▶ [Task] Within the records below, find the line with "kateweinsteinphoto_alyssaconnor_wedding-459.jpg" and the line with "Mặt bằng dự", then reproduce exactly those two lines and all lines between them, without any picture.

▶ [Exercise inputs]
____

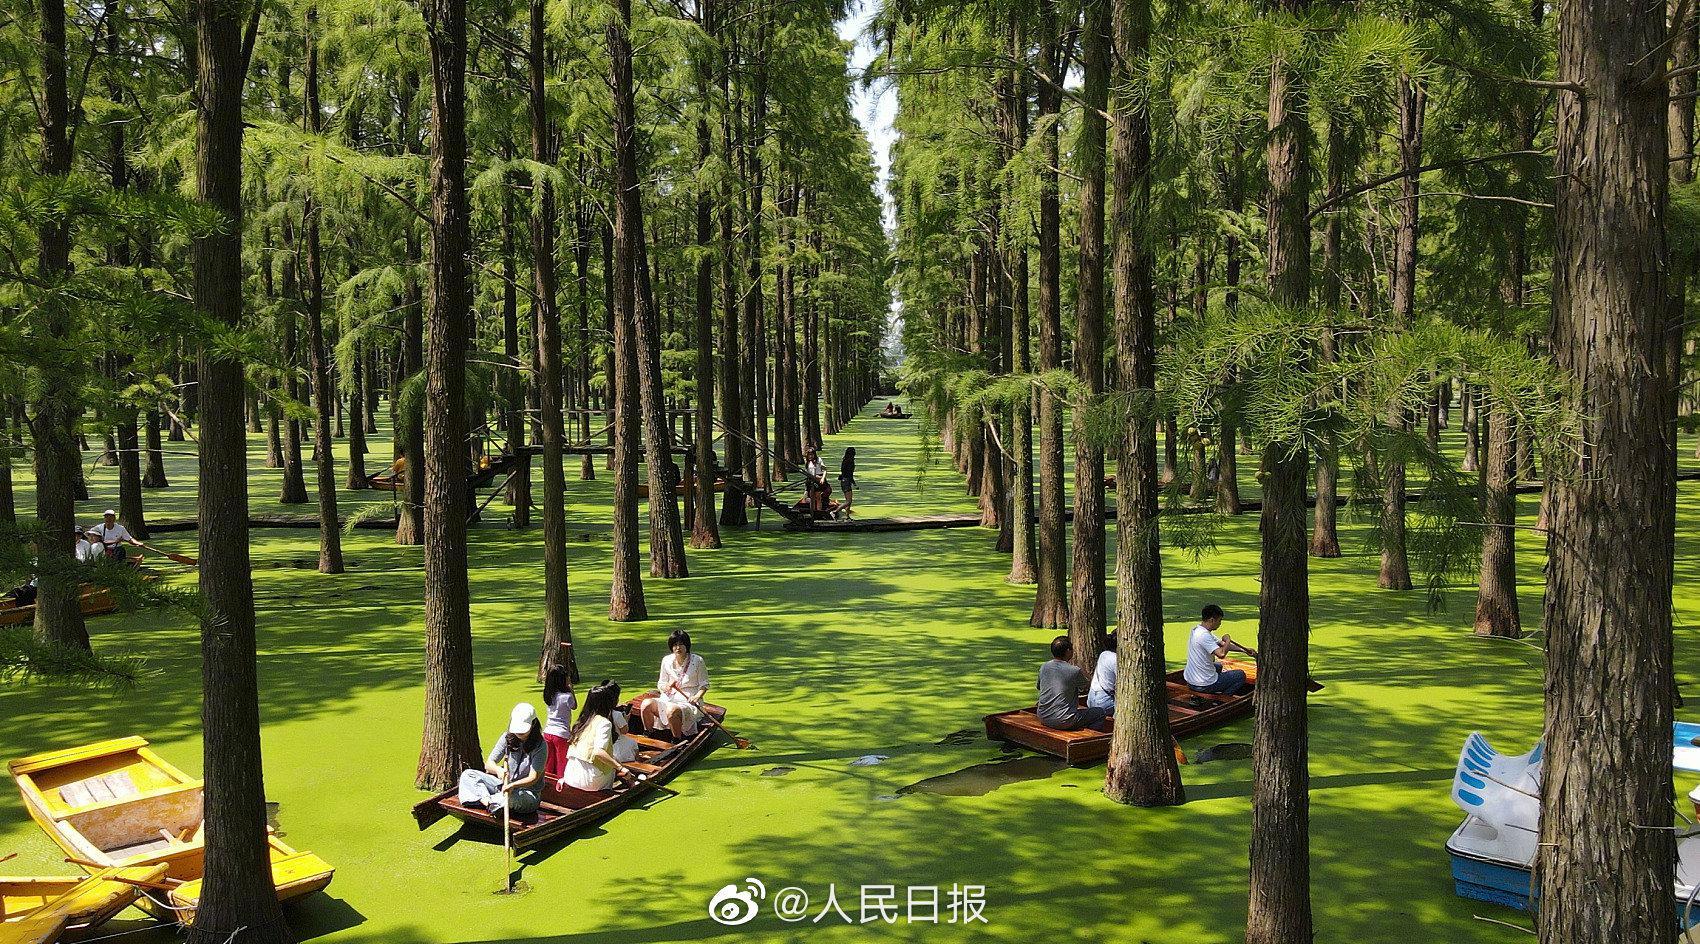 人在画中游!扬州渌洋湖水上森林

____

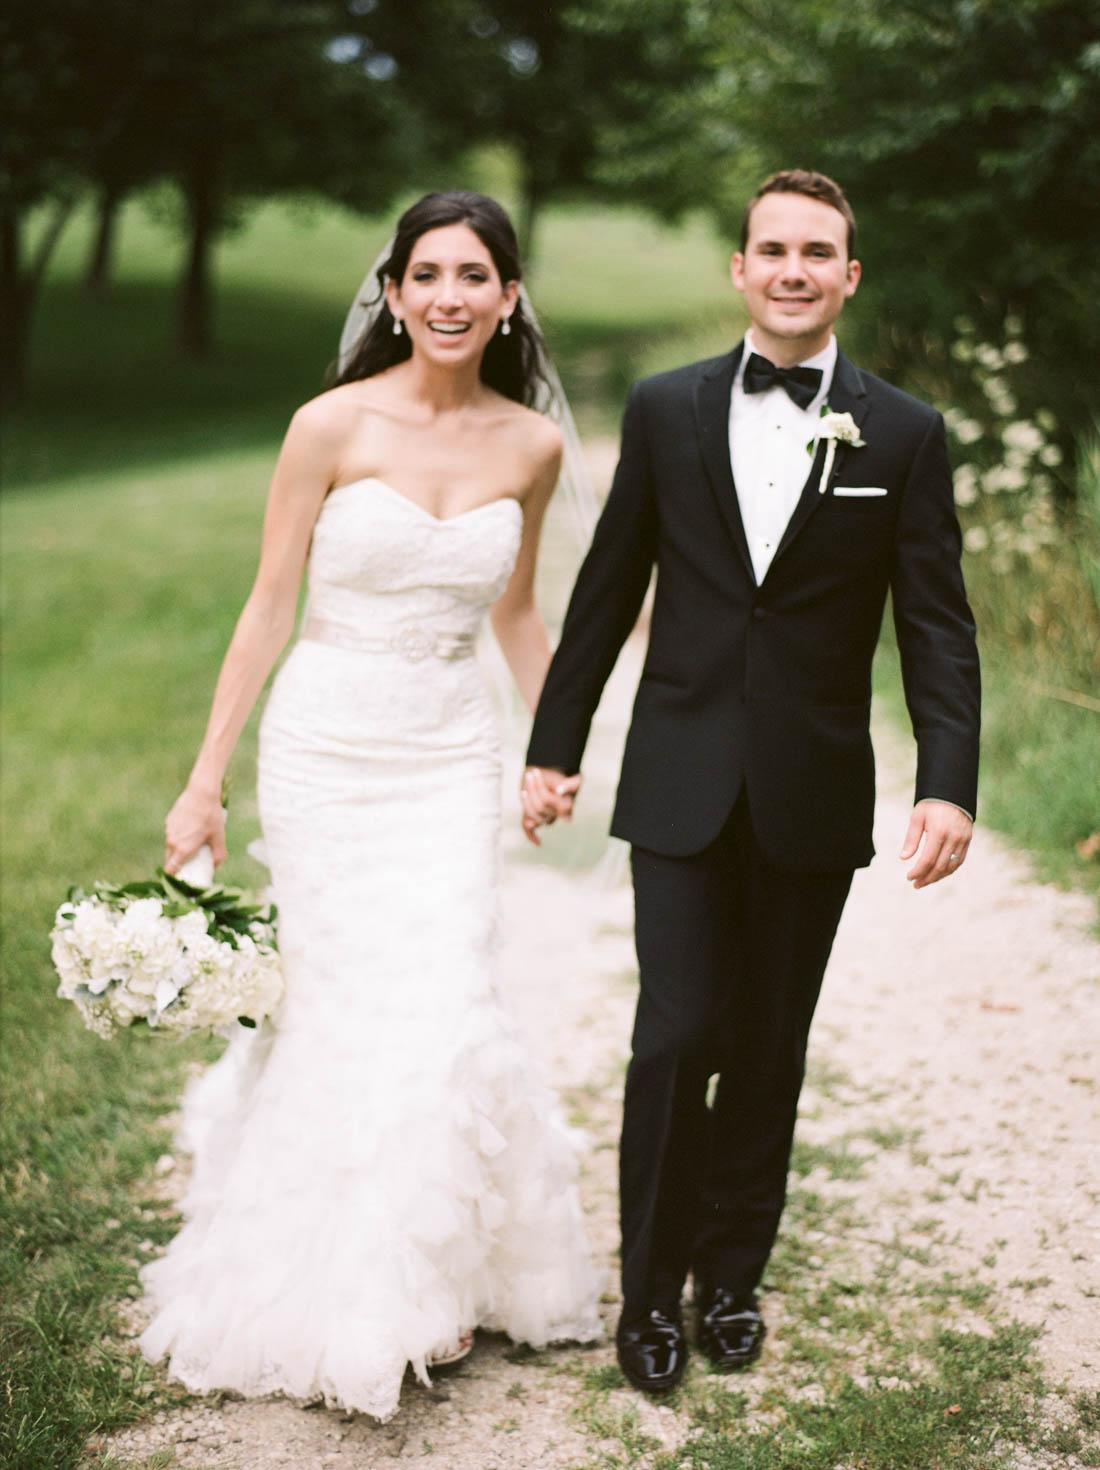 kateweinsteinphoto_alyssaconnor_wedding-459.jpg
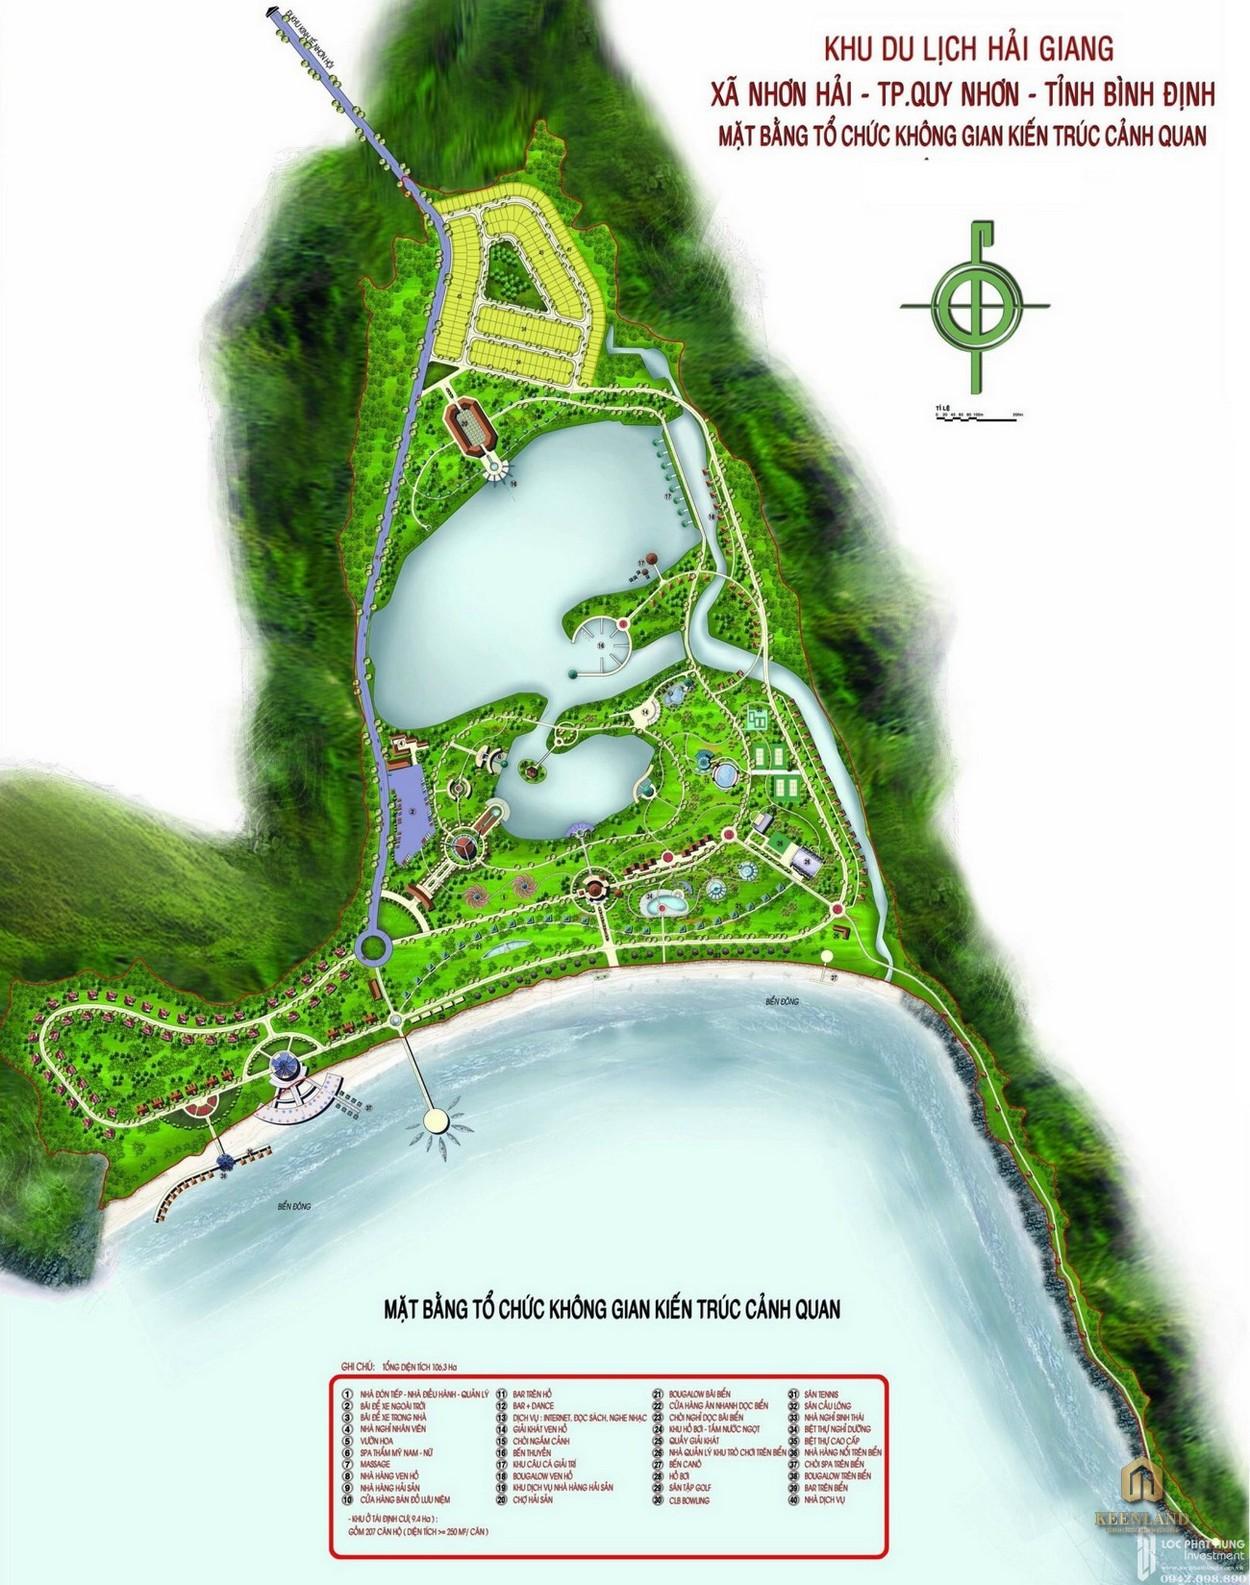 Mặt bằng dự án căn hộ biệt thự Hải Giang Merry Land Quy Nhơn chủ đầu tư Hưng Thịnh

____

▶ [Expected answer]
 kateweinsteinphoto_alyssaconnor_wedding-459.jpg
 Mặt bằng dự án căn hộ biệt thự Hải Giang Merry Land Quy Nhơn chủ đầu tư Hưng Thịnh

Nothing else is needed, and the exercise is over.